Technically I have an external defects too, although not as bad as those other example.


In this picture you can see a black scratches/nicks/hanging point? at the corner of the front facia. I tried to wipe it away but it's deep in the metal. I'm not sure if it's due to the anodization process and that's where they're hanging it from or what but since it's at the very front of the case it's pretty noticeable.
 

hoanghiep2111

Caliper Novice
Jan 25, 2019
21
48
Also it's probably the lighting, I honestly can't confirm since my Mjolnir is now somewhere deep inside my garage but one of my side panel is not matching very well.


 

cwolf

Cable Smoosher
Jun 2, 2021
11
32
Hi guys! me again. Having some issues with my PSU leaning against the side and bottom panels, which seems attributable to the bracket only being held in by two small screws that aren't quite up to the task. Every time I check in, the screws have loosened. Anyone have any tips for keeping the PSU in place and flush with the case?
 

AlexTzone

I design minimalistic – but not boring – PC stuff
Original poster
THOR ZONE
Silver Supporter
Sep 23, 2017
1,294
2,750
thor-zone.com
How many reports of external defects were there so far? If I'm not mistaken here in the forum there were only 2 with scratches and 1 or 2 with color mismatch (which would mean ~1%). Have there been more complaints?

Over email we've gotten something like 2 more with small scratches w. factory origin and 1 which was caused because the package got punctured during transit. 99% of all defects are either magnets, plastic bits or both.

A tricky one is panel-mismatch, because sometimes there's a problem with the anodizing and other times it's simply because of tolerances and how light bounces on 2 adjacent "flat" objects. Let me get down into the details:

First check these pics. Looks nice yeah?

Now let's look at the exact same case but with strong direct point light (i.e. a nearby incandescent bulb or a phone camera):





You can see that the anodizing between the Shell and the Panels is much closer in the green area versus the red area. The color is obviously the same on the whole panel and the shell, but there is a gradient on the shell that is absent on the panel. The closer and stronger your point light is to both parts the stronger the gradient difference becomes, hence why you see almost no difference when looking at that case in broad daylight (the lighting is very far away...i.e. the sun) but it starts to emerge when having a strong lamp right above it.
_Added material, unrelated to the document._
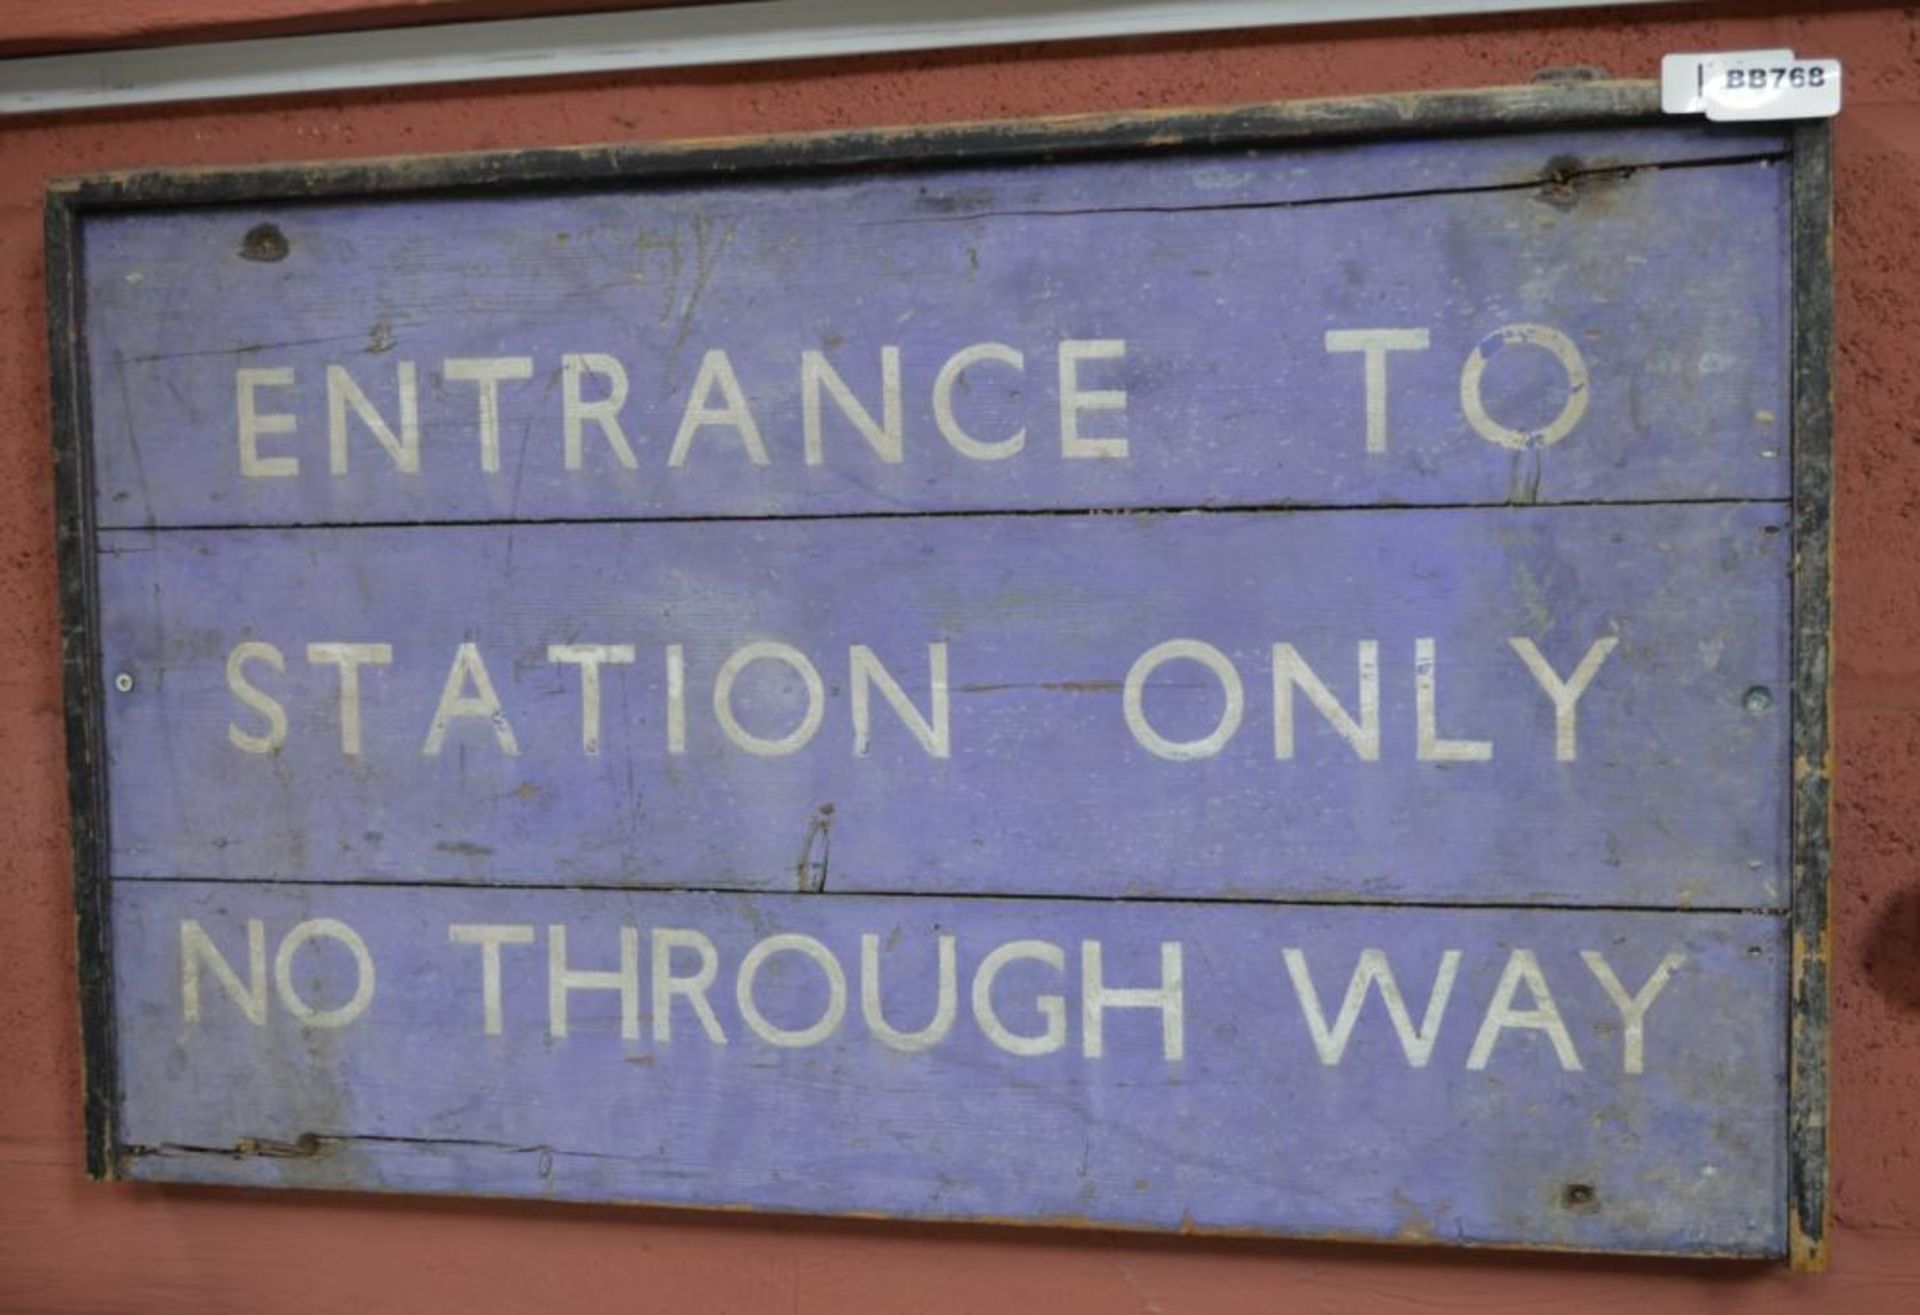 1 x Vintage Train Signage - Entrance To Station Only No Through Way - 32 x 18 Inches - Ref BB768 - C - Image 5 of 5

This happens because the Shell is less "flat" than the panels, i.e. flatness is a type of tolerance that affects all parts but most notably extrusions. Since the Shell is a very big aluminium profile it's affected a lot more than the relatively small and thin panels. Most notably this would be visible comparing Panels vs Shell along the length of the case (since this is the largest dimension). So even a fully acceptable 0.5-1mm flatness error over 350mm could lead to such "mismatch" when viewed under direct & close-by light source.
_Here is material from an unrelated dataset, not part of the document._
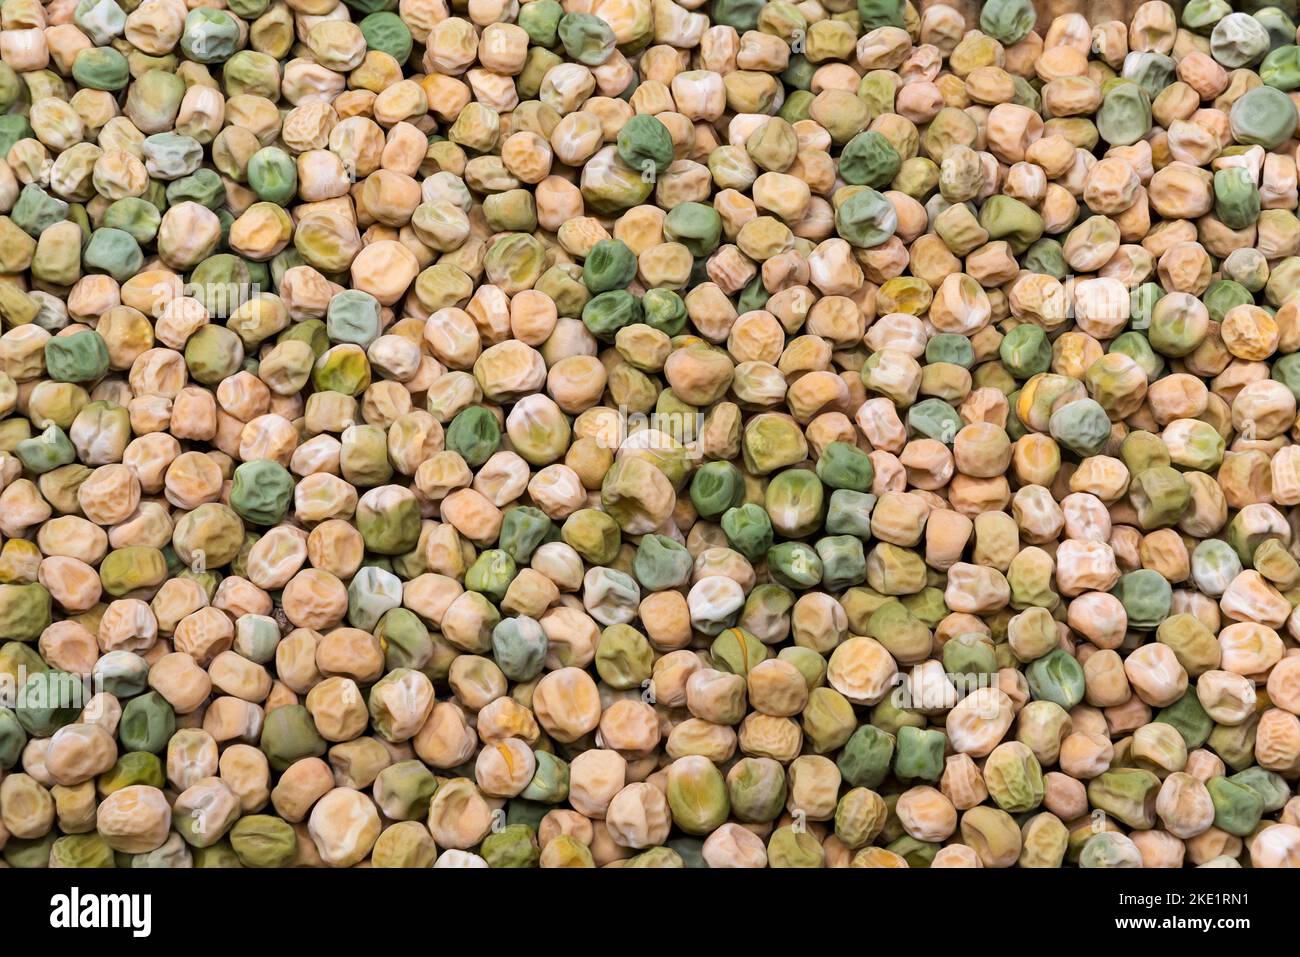 Pea. Dry green peas texture background. Top view. Stock Photo

Here's an example I've got from a user over email:



Once again, match at the center but difference at the ends (because Shell curves more than the Panels).

Below example from @TerryUSA is actually very hard to judge, because it's very pronounced:



Now this may actually be a faulty anodizing for real, but still, we similar things happening here (i.e. match at the center and difference at the ends). It would help if we could see a "360" video (or photos) of it in broad daylight.

If I remember correctly, the flatness-tolerances for a rectangular extrusion are like below (mega exaggerated). The bigger the aluminium profile the more you'll suffer from this (also the reason we're vary about making a huge MJOLNIRs XXXL for ATX).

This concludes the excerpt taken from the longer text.